Lorenzo started and ran up the street after the carriage, calling out, “Say! hello! Stop there a minute!” The driver stopped and looked round. Lorenzo did not give himself time to falter after he came up. “We are Shakers. Yee, we are! What is it to you?” he added, in defiance.
“Oh, nothing,” said the young fellow. “I’m from down around Lebanon myself. Been at the Family there many a time. Just wanted to see if you’d lie about it; always heard a Shaker wouldn’t lie.”
“Well, we’re not from Lebanon!” Lorenzo retorted, with futile resentment.
“All right,” said the driver. “Lookin’ for a minister?”
The answer seemed to fly out of Lorenzo’s mouth of itself: “Yee, we are.”
“I thought so,” said the driver. “Well, I know the whitest man in this town, and I can take you to him if you want to get married. Take you and the lady there, and it sha’n’t cost you a cent. Say!” He drew from his waistcoat-pocket the dollar bill which Lorenzo had just given him, and handed it to him. “You just take that, and if he a’n’t all I tell you, you keep it. I don’t want any man’s money without I earn it.”
“All right,” said Lorenzo, and he put the bill in his pocket and walked back to Althea in a kind of daze, while the carriage slowly followed. “Althea, he says he knows a good minister.”
“Get right in, lady,” said the driver. “If you’re all right, I guess you won’t feel but what he is.
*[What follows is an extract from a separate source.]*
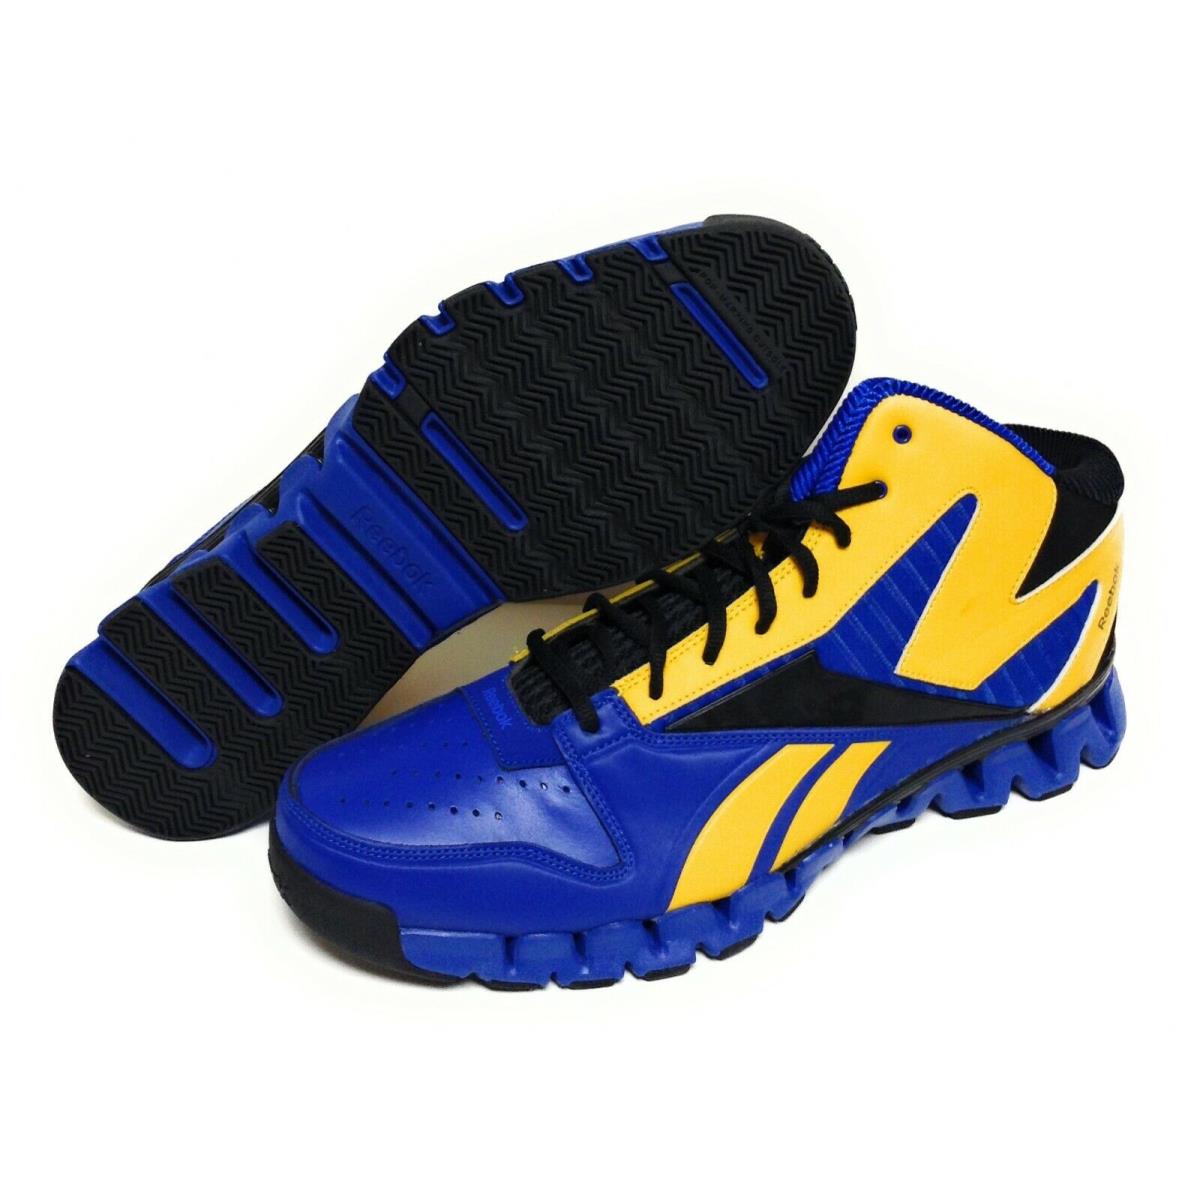 Mens Reebok Zig Nano Pro Fury V44519 Blue Sample Basketball Sneakers Shoes - Blue, Manufacturer: Royal Blue

Well, I’ll tell you what! He’s the one — and he’s the only one — that’s got the gall to preach against hoss-racin’.”
He looked as if his words must carry conviction; the lovers were helpless before them, and they mounted to the place they had so lately left. The driver turned reassuringly to Althea again. “Now don’t you be anxious any. If you don’t like his looks you just come right out again, and I’ll take you anywheres else you want to go — and I know every minister in the place — and no extra charge.”
They had not even to go inside for the test the driver proposed. The minister himself answered Lorenzo’s ring; he pushed open the lattice door that opened outwardly, and scanned them from the threshold with a face that seemed kind and gentle as well as shrewd. Lorenzo and Althea looked at each other without being able to speak.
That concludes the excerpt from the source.